本研究嘗試以含有超臨界二氧化碳流體之電解液進行電化學碳化反應，在純鐵基材上完成電化學碳沉積，使金屬表面產生碳化，使用的電解液為1 M之硫酸鈉水溶液。本實驗採用的電化學方法有兩種，第一種為定電流製程，施加-5 A/dm2之電流密度，進行五小時的電化學碳化，第二種為定電位製程，施加的電位為 -1.5 VPt、-1.8 VPt、-2.1 VPt及-2.4 VPt，進行三小時的電化學碳化反應。實驗結果顯示，於固定電流密度下反應，可以成功的還原碳原子，使用X射線光電子能譜儀、掃描穿透式電子顯微鏡及歐傑電子能譜儀進行分析，結果顯示經過電化學碳化的試片，在表面形成一層非晶質碳的結構，並在純鐵內部有碳固溶的現象發生。若以定電位的方式進行電化學碳化，於電位-1.5 VPt、-1.8 VPt、-2.1 VPt及-2.4 VPt均可在表面發生碳還原，經過X射線光電子能譜儀及歐傑電子能譜儀的縱深分析，結果顯示碳還原之速率和還原電位的絕對值呈現正相關，電位越負時，表面之非晶質碳有較厚的趨勢，但是碳還原速率太快時，表面的非晶質碳會阻擋初生態碳的擴散，進而導致內部形成鐵碳固溶體狀態的深度較淺。

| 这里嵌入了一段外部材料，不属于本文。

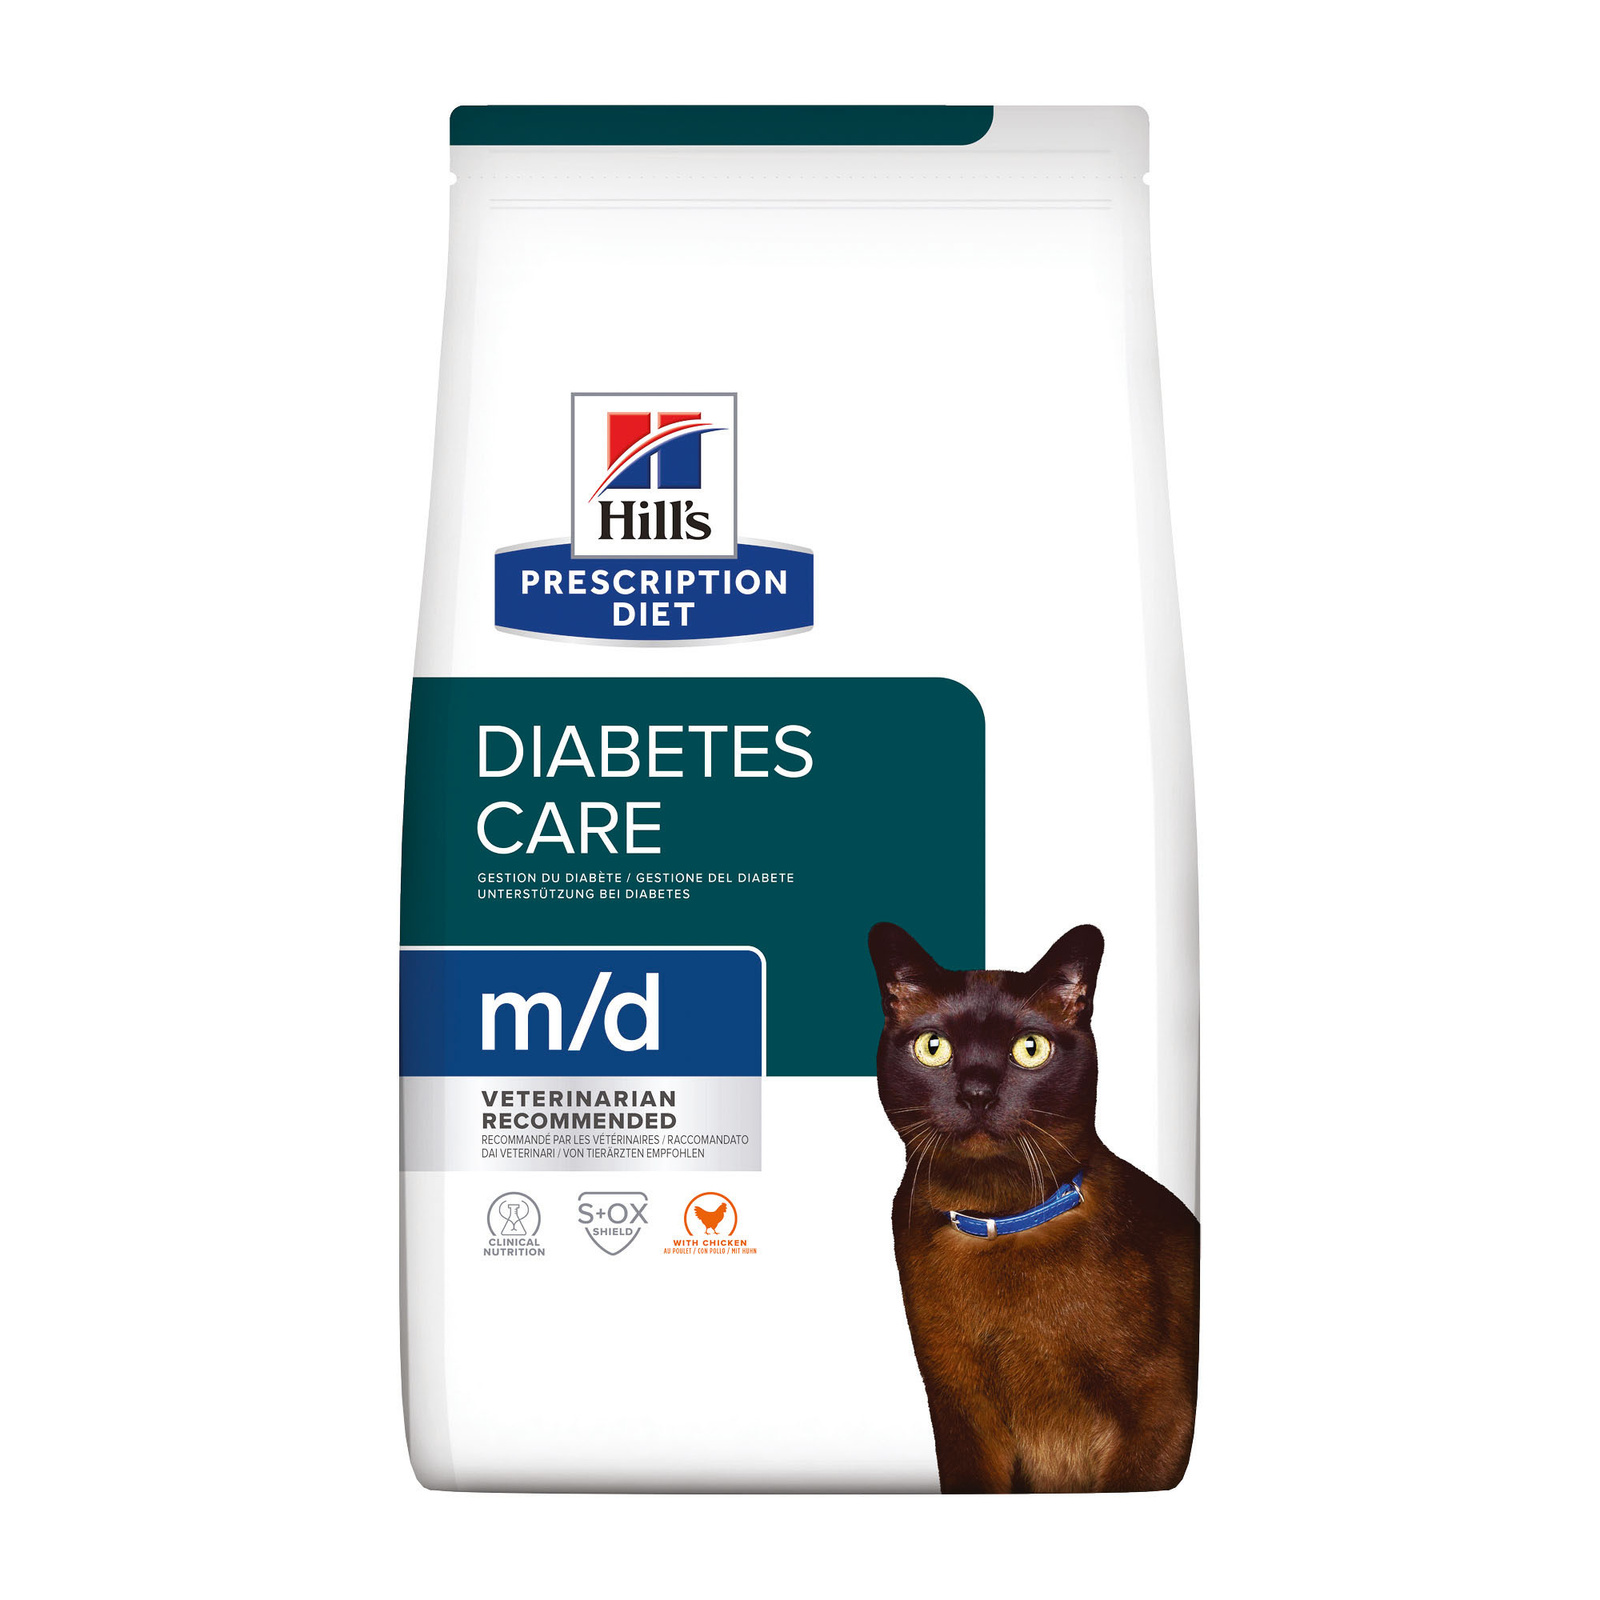 Hill's Prescription Diet Hill's Prescription Diet сухой диетический корм для кошек m/d при сахарном диабете, с курицей (1,5 кг) 22612

In this research, electrochemical carburization (ECC) of iron in supercritical CO2 (sc-CO2) containing aqueous electrolyte was attempted and studied. The deposition of carbon on pure iron substrate, which was reduced electrochemically from the 1 M Na2SO4 aqueous electrolyte mixing with sc-CO2. There are two electrochemical methods in this study. The first one is galvanostatic mode which applied constant current density of -5 A/dm2 for 5 hours. The second one is potentiostatic mode which conducted with constant voltage 3 hours at -1.5 VPt, -1.8 VPt, -2.1 VPt and -2.4 VPt respectively. The experimental results showed when electrochemical carburization at -5 A/dm2, an obviously reduction reaction of carbon could be found. The formation of carbon film and subsequent carburization of iron substrate was analyzed employing X-ray photoelectron spectroscopy (XPS), transmission electron microscopy (TEM) and auger electron spectroscopy (AES). The amorphous carbon layer on metal surface and Fe-C solid solution form in iron substrate was confirmed. In potentiostatic test, C 1s signal of the carbon-bearing filmsform at -1.5 VPt, -1.8 VPt, -2.1 VPt and -2.4 VPt was observed by XPS. In addition, the reduction rate of carbon depended on the cathodic potential applied in ECC treatment which is manifested by XPS and AES depth profile results. The thickness of amorphous carbon is increasing with a relative negative potential. However, the amorphous carbon film grew too fast and resisted the nascent carbon diffusing into iron substrate, resulting in a relative thin Fe-C solid solution layer.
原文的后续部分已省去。